[spambayes-dev] RE: Network checks

Sat Sep 20 22:23:26 EDT 2003

On Sat, 20 Sep 2003 20:13:10 -0400, Tim Peters wrote:

> [Sean R. Lynch]

> So far you sound determined to overrule your father's judgment about
> what he does and doesn't like.  In that case, spambayes may be the worst
> classifier available <wink>.

That's not the problem, and perhaps I wasn't explicit about what the real
problem is. Learning filters work well because there are large differences
between what computer geeks like us consider spam and ham, which you will
see if you feed *your* spam and ham through a Kohonen network. There is a
well-defined dividing line between them. However, if your ham looks a lot
like spam and vice-versa, there is no such clean dividing line, and the
thing just isn't going to be as good. So what I actually want to do is
give a suggestion to my father that something was sent by a spammer (i.e.
stick it in his quarantine folder until he starts releasing that sort of
mail from quarantine).

>> is to have a good filter to begin with.  SpamAssassin seems like it
>> would be reasonable, but if I'm gonna use SpamAssassin, why not use its
>> built-in Bayesian filter? The main reason I won't is that I really want
>> to use SpamAssassin's network checks, and IMHO it's bad netizenship to
>> run them more than once on the same message, and enough messages go to
>> multiple users on my server that I'd really like to run SA as a content
>> filter.
> 
> You could run SA as a rule-based content filter and disable its network
> checks.

I could, but half the reason I want SA is for the network checks, because
the network checks are something that are specifically not available to a
learning filter right now.

>> I think that Bayesian filters really need to include their training
>> time in performance analyses, rather than just comparing their ultimate
>> performance after being trained. The "best" of the Bayesian filters
>> seem to require the longest training times, and I don't really consider
>> this to be a good thing, because "training time" really translates to
>> both false positives and false negatives (an unsure is a false negative
>> as far as I'm concerned).
> 
> It's extremely dangerous to consider an unsure to be a false negative.
> They're unsure precisely because, based on the training a classifier has
> been given, the evidence in favor of ham is approximately equal to the
> evidence in favor of spam.  It does appear to be the case that some
> people usually end up thinking an unsure is spam.  This isn't universal,
> though! For example, it varies from time to time in my classifier, and
> the past few weeks I've considered most unsures to be ham (of the ones I
> could make up my own mind about!  I throw away about half my unsures
> untrained-on, because I have no idea what they're on about -- might be
> ham, might be spam, but they're too confusing regardless to be worth the
> effort of researching). Different people get very different mixtures of
> email.

I think I misspoke a bit here. What I meant was, classifying a spam as an
unsure is a false negative.

> If you're convinced that all unsures are really spam, move your spam
> cutoff lower.  If you move it far enough so that it equals your ham
> cutoff, you'll never see another unsure again.  I recommend against it,
> but suit yourself.

Actually, I like unsures, and one idea I've been thinking about is to fall
back to the rule-based filter if the learning filter gives an unsure.

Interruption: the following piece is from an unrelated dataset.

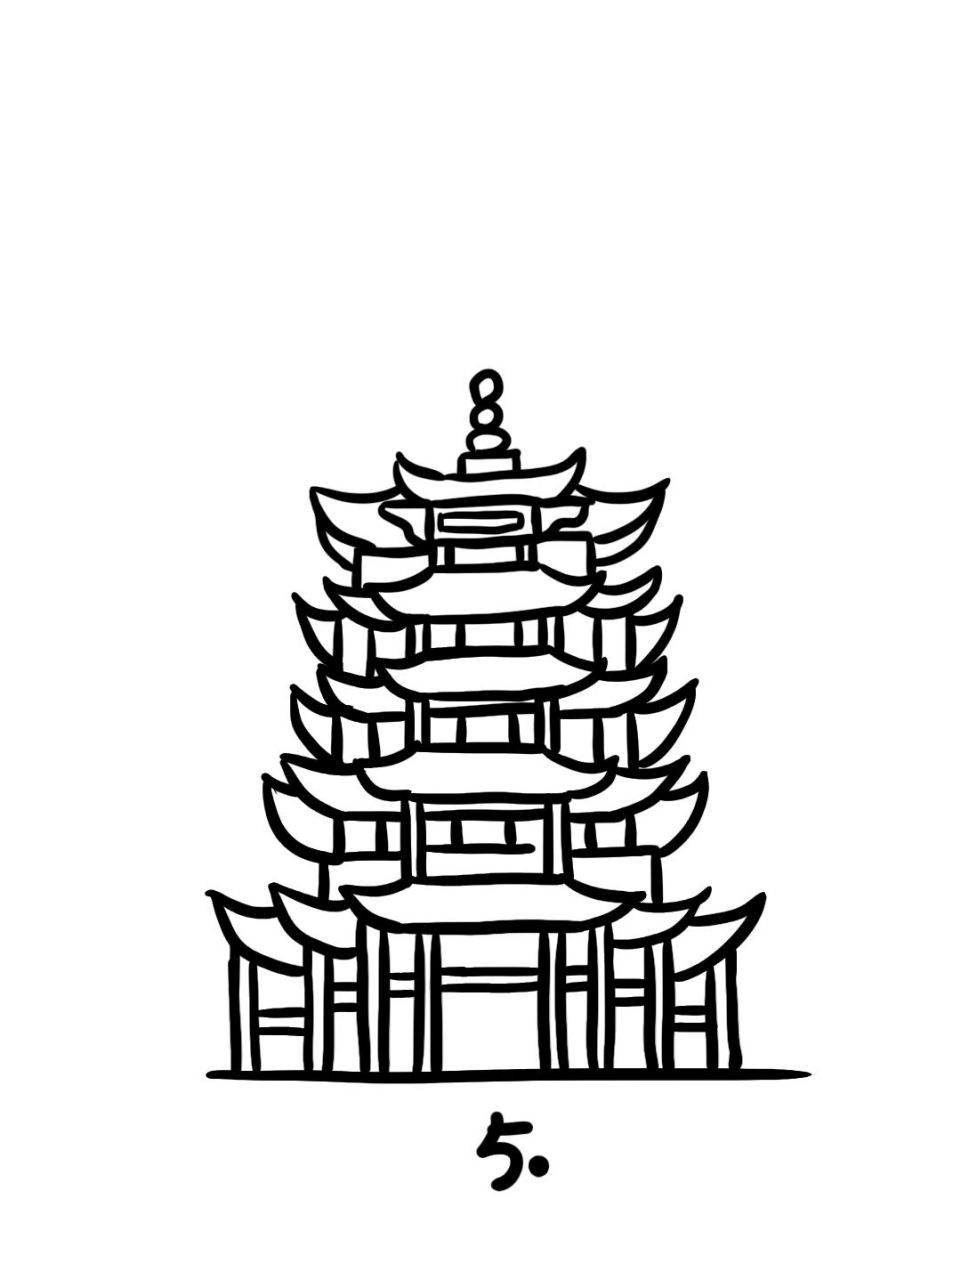 武汉代表性建筑简笔画图片

>> If IP addresses, email addresses (in the body), domains, and URLs could
>> be shared among users of Bayesian filters, I think this would reduce
>> training time significantly, because there are large numbers of each of
>> them out there, but they have the potential to be the biggest spam
>> clues.
> 
> Sharing can be helpful for people with a shared sense of what spam is.
> For example, all the email sent to tech mailing lists via python.org
> goes thru a spambays classifier, and tens of thousands of mailing list
> recipients benefit from sharing what their mailing lists' classifiers'
> have taught about spam.  This is appropriate, because most tech mailing
> lists have a very strong shared definition of spam (commerical messages
> of any type are considered spam, except for those highly specific to the
> mailing list topic (in which case the message necessarily contains lots
> of words hammy wrt the list topic)).
> 
> This is a very easy form of sharing, of course, because it's confined to
> one classifier.  Fancier schemes would require setting up distributed
> trust networks, etc.  In the end, I bet that subsystem would dwarf the
> current spambayes codebase.  IOW, lots of work.

I was thinking more along the lines of how Razor and DCC currently work
with message digests, but with IP addresses, and giving scores along the
lines of DCC or Razor's confidence measure. Yes, this is lots of work, but
we're making smarter spammers, and we can either stay ahead of them or
keep playing catch-up. The training time already makes a learning filter
hard for my dad to use. When it has to be continually trained, that's
going to be worse. As I said before, training time should be considered as
part of the performance metric.

>> Email addresses, domains, and URLs are harder, because IMHO they can
>> really only be used as spam clues if they're going to be shared.
> 
> I don't agree.  For example, the .biz domain appearing in a URL is a
> very strong spam clue in my classifier, and for what should be obvious
> reasons. It could be *better* if such things were shared, but they're of
> real use in an individual classifier already.

How about .com domains? Eventually .biz won't be useful as a clue any more
than .com is. If SA supports checking these against blacklists, that's
great, and it can be implemented in a preprocessor for a learning filter.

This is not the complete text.